== GIVEN INFORMATION
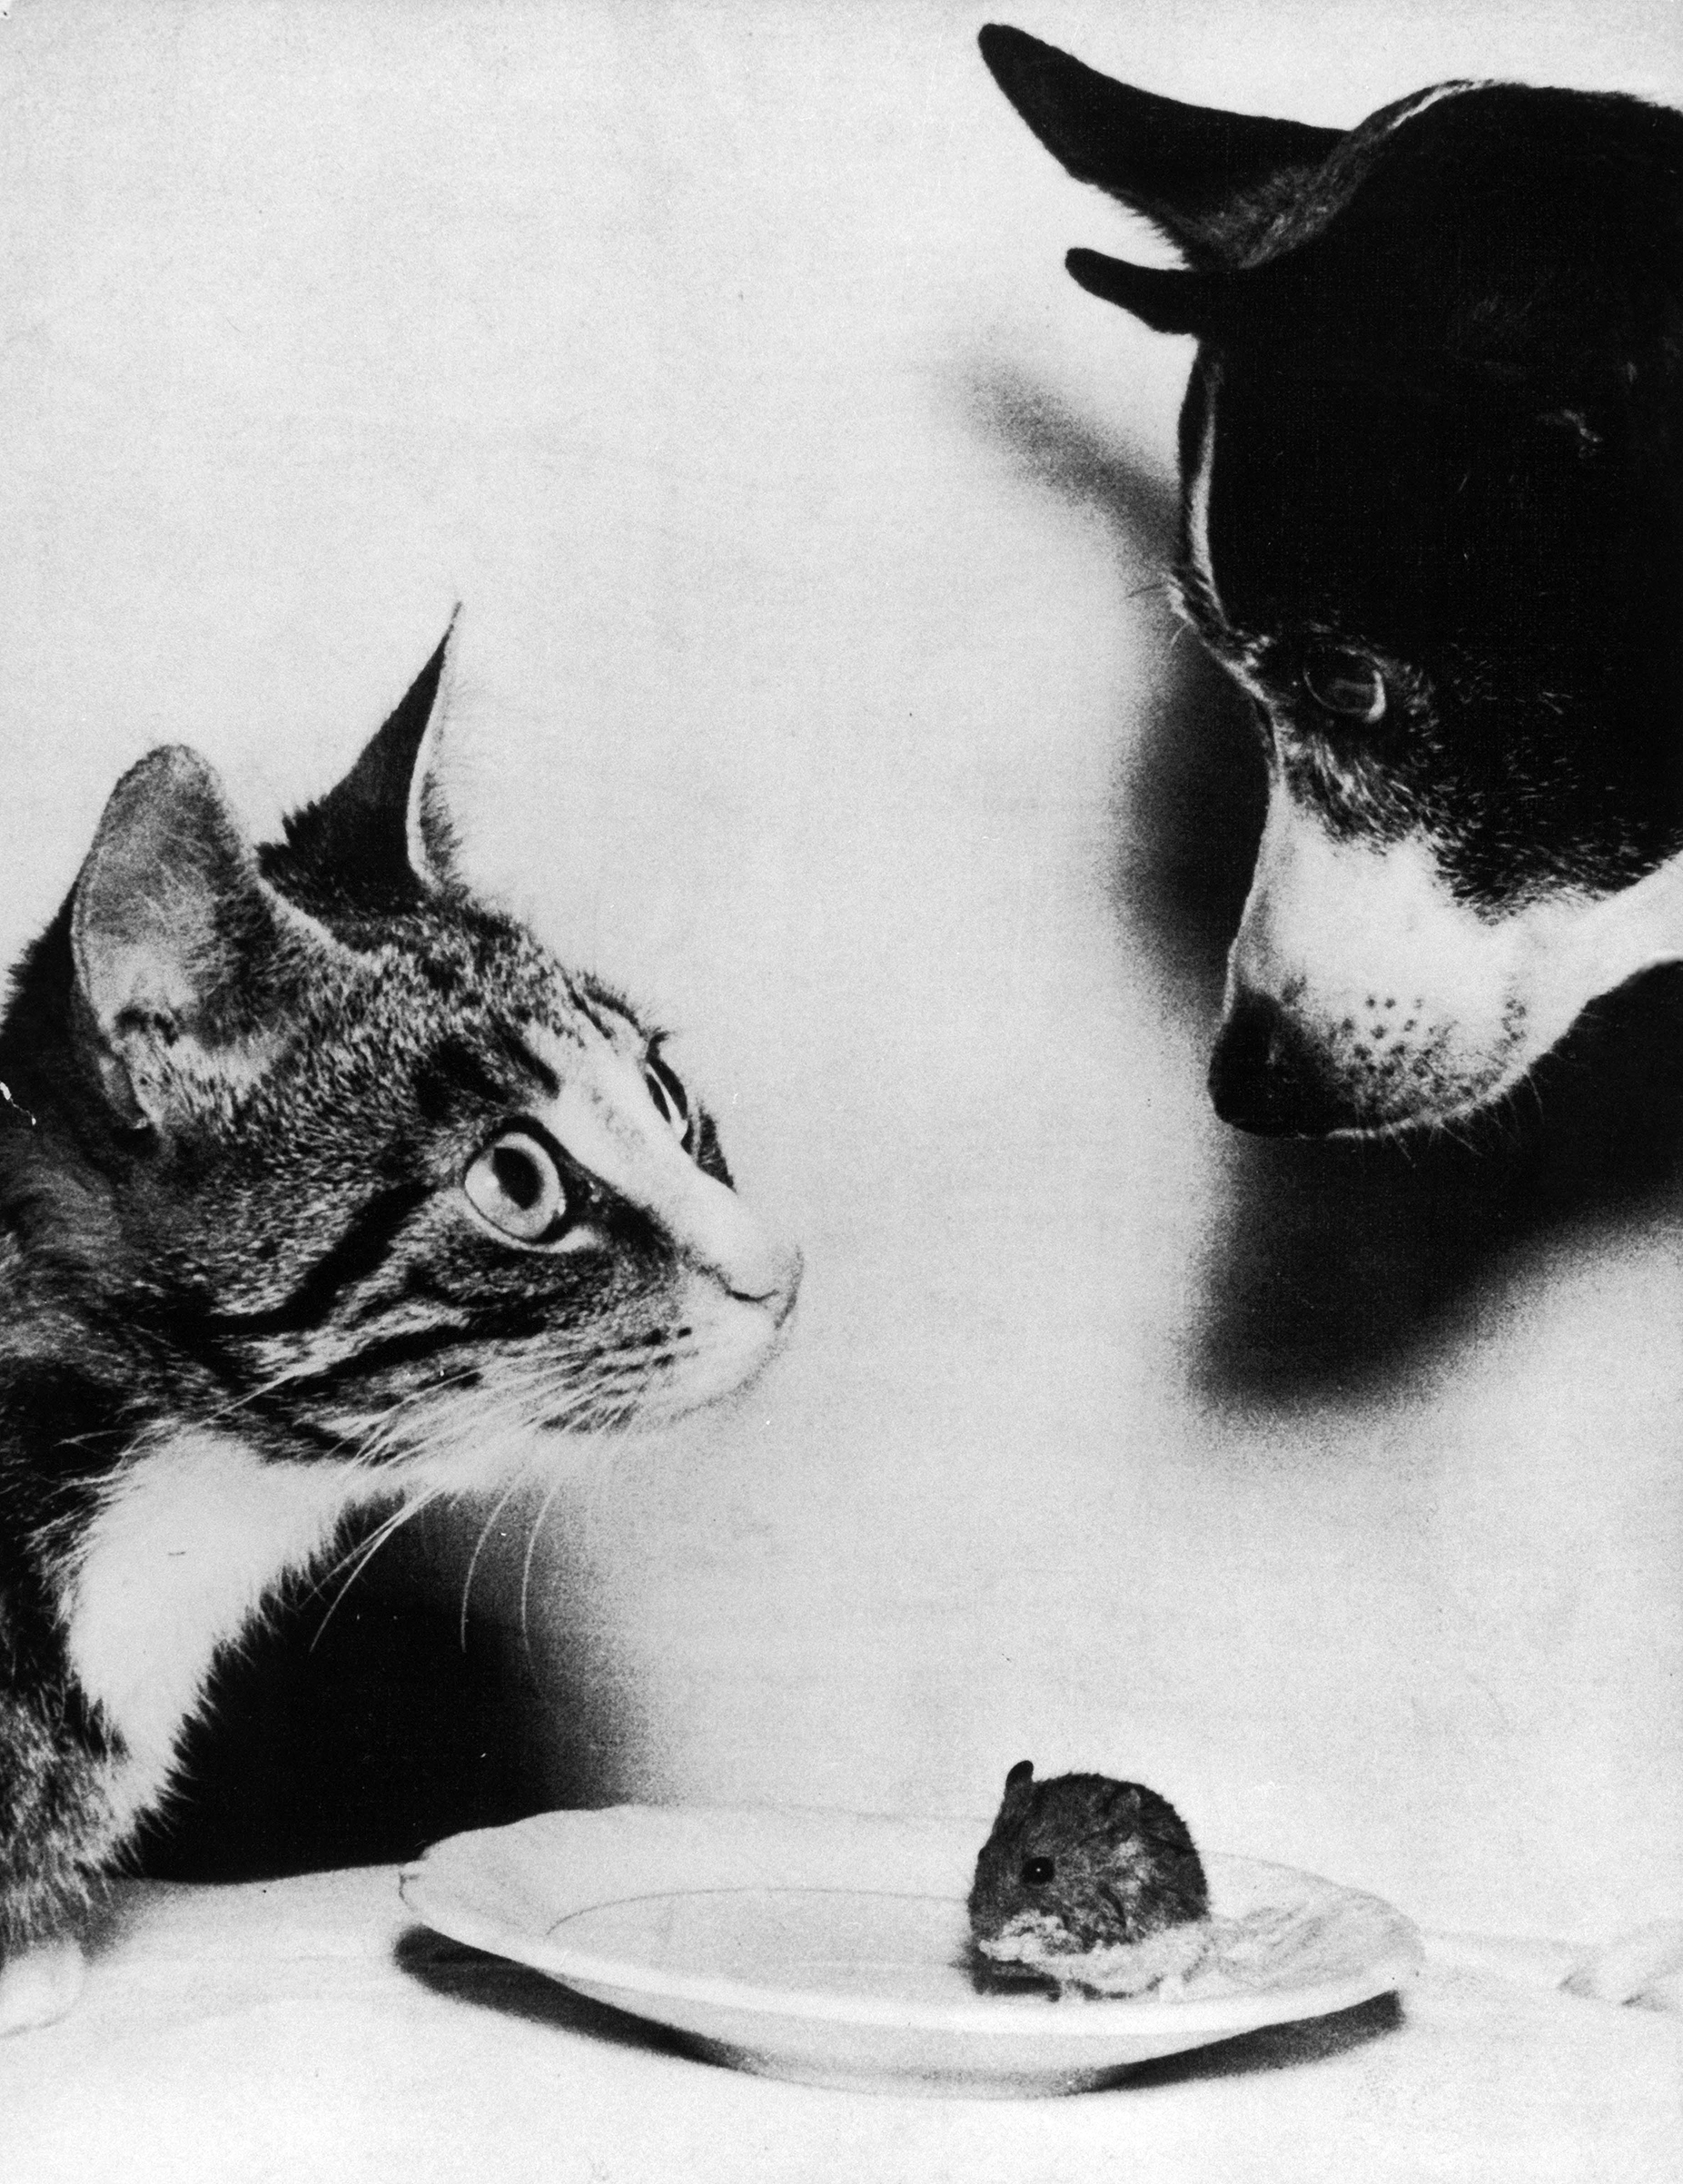 Pets of the Lyng family, Mitten the cat, Tosen the dog and an unnamed mouse, 1955.
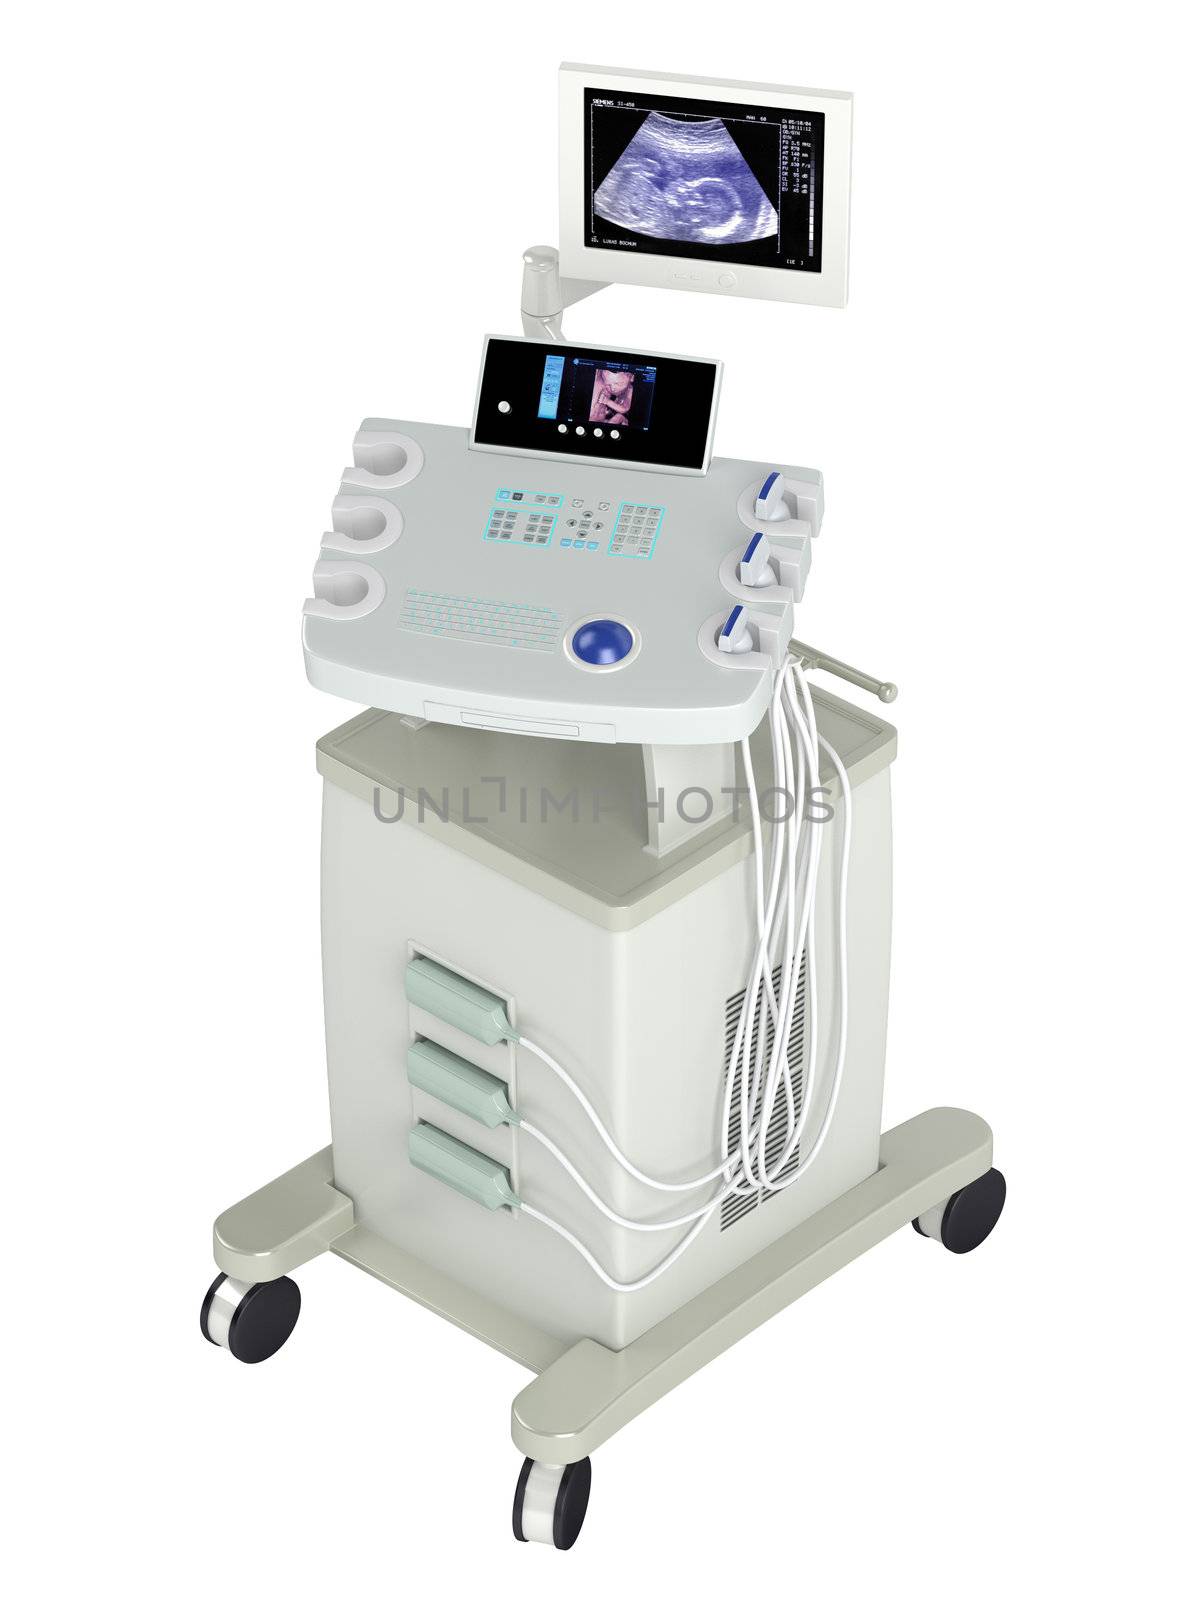 Ultrasound scanner for ultrasonography or sonic imaging based on tissue density as used in prenatal scanning of a foetus, isolated on a white background
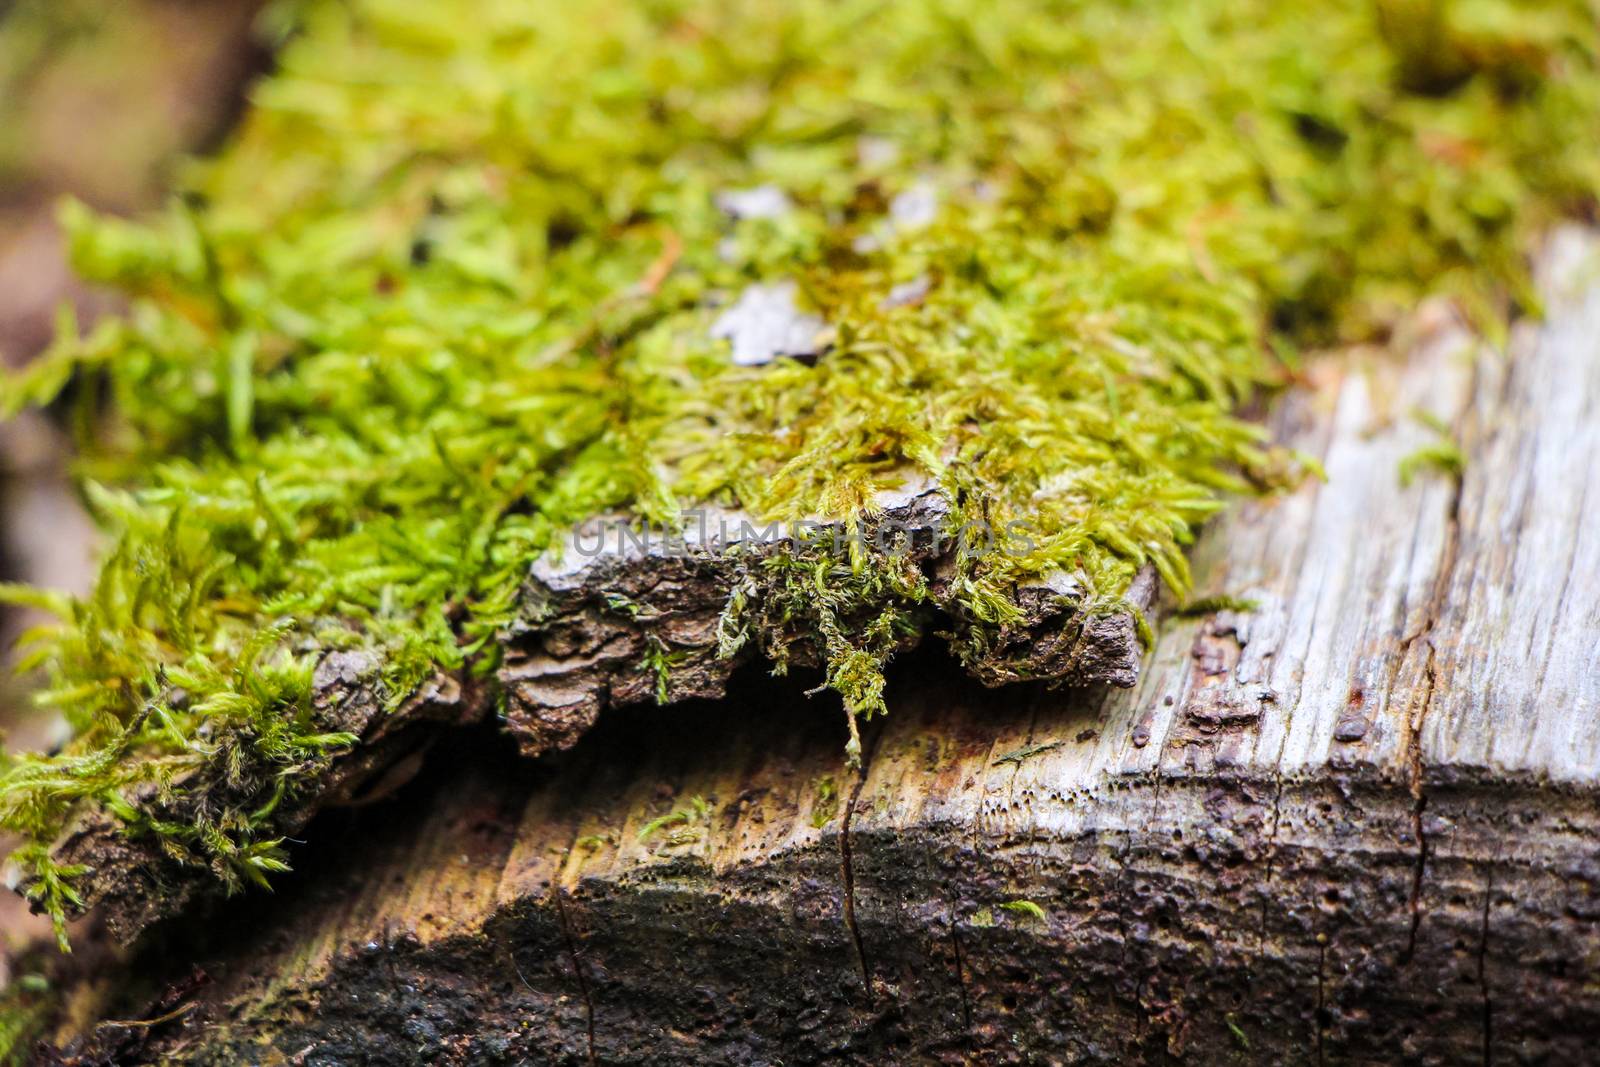 Green and yellow moss on tree trunk in forest in spring.
====
* **WHAT NEEDS TO BE DONE**:
Starting with the line that contains "Ultrasound scanner for", give the lines again exactly as they appear through the last line of the data, pictures excluded.

* **RESULT**:
 Ultrasound scanner for ultrasonography or sonic imaging based on tissue density as used in prenatal scanning of a foetus, isolated on a white background
 Green and yellow moss on tree trunk in forest in spring.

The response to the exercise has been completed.